Le salarié peut refuser les modifications de son contrat. A contrario, celui-ci doit accepter les modifications qui n'affectent que ses conditions de travail, celles-ci relevant du pouvoir de direction de l'employeur. Le licenciement qui peut être prononcé répond à des règles particulières.

Il peut réagir si le contrat lui-même est modifié
  • Distinction entre conditions de travail et contrat de travail
Les modifications ne concernant que les conditions de travail peuvent être unilatéralement imposées par l'employeur.
Les modifications qui affectent le contrat de travail doivent, quant à elles, être acceptées par le salarié.
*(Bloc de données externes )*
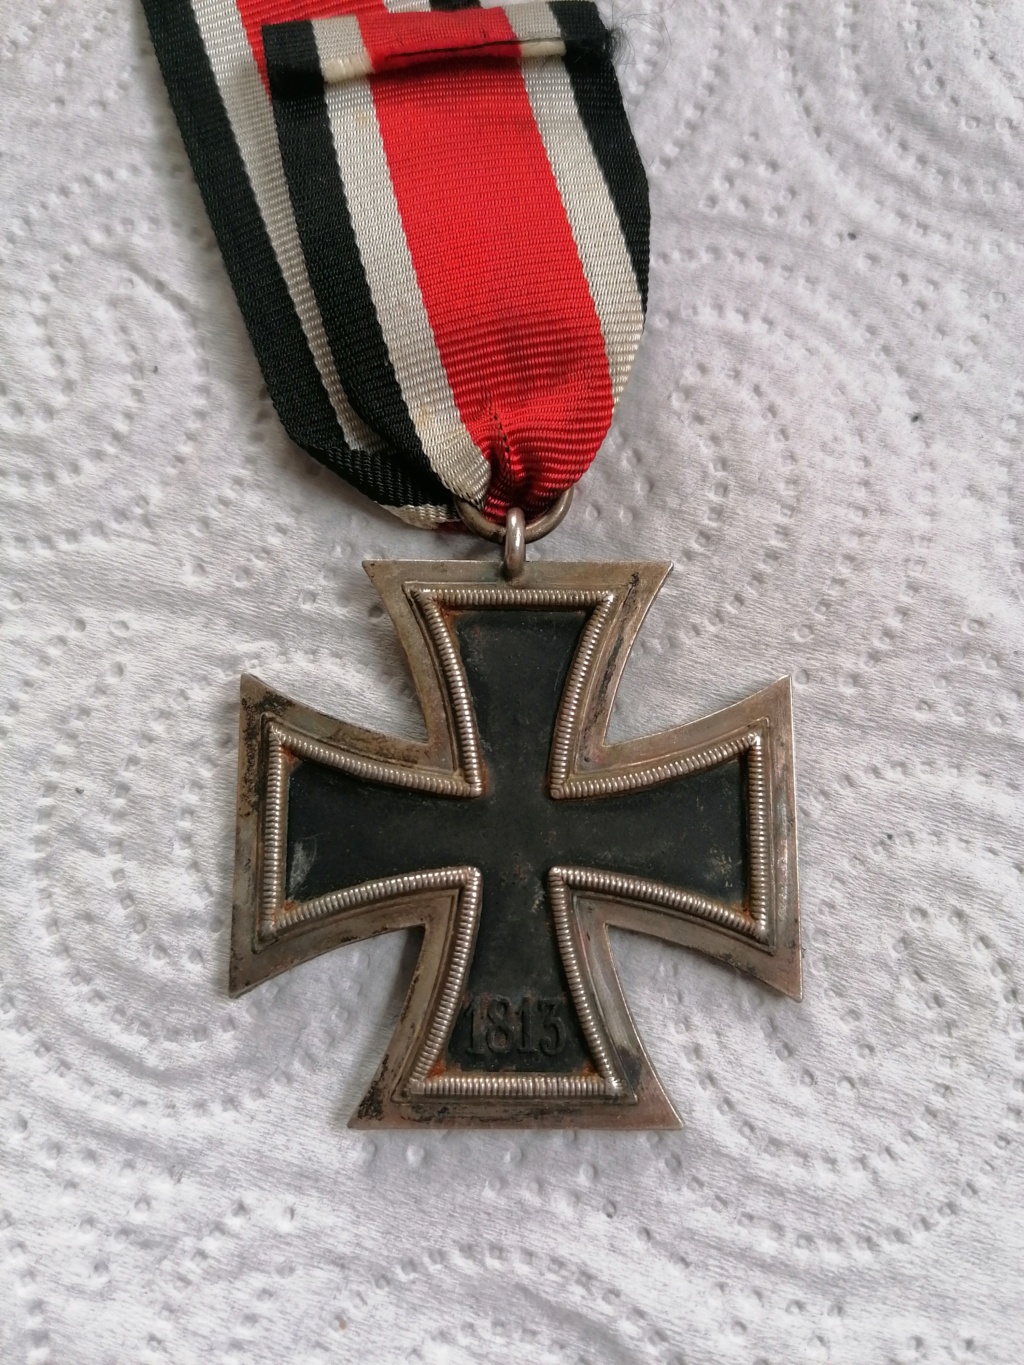 Croix de fer 2 classe ww2  Img_1091

Ainsi, le contrat de travail est modifié lorsque la réduction du temps de travail a pour effet de :
  • réduire le salaire fixé par le contrat du salarié ;
  • changer le mode de calcul de la rémunération, par l'instauration d'une prime différentielle par exemple, même si celle-ci évite une réduction de la rémunération ;
  • modifier une convention de forfait ;
  • instaurer un nouvel aménagement des horaires de travail ayant pour effet de modifier les caractéristiques du poste de travail.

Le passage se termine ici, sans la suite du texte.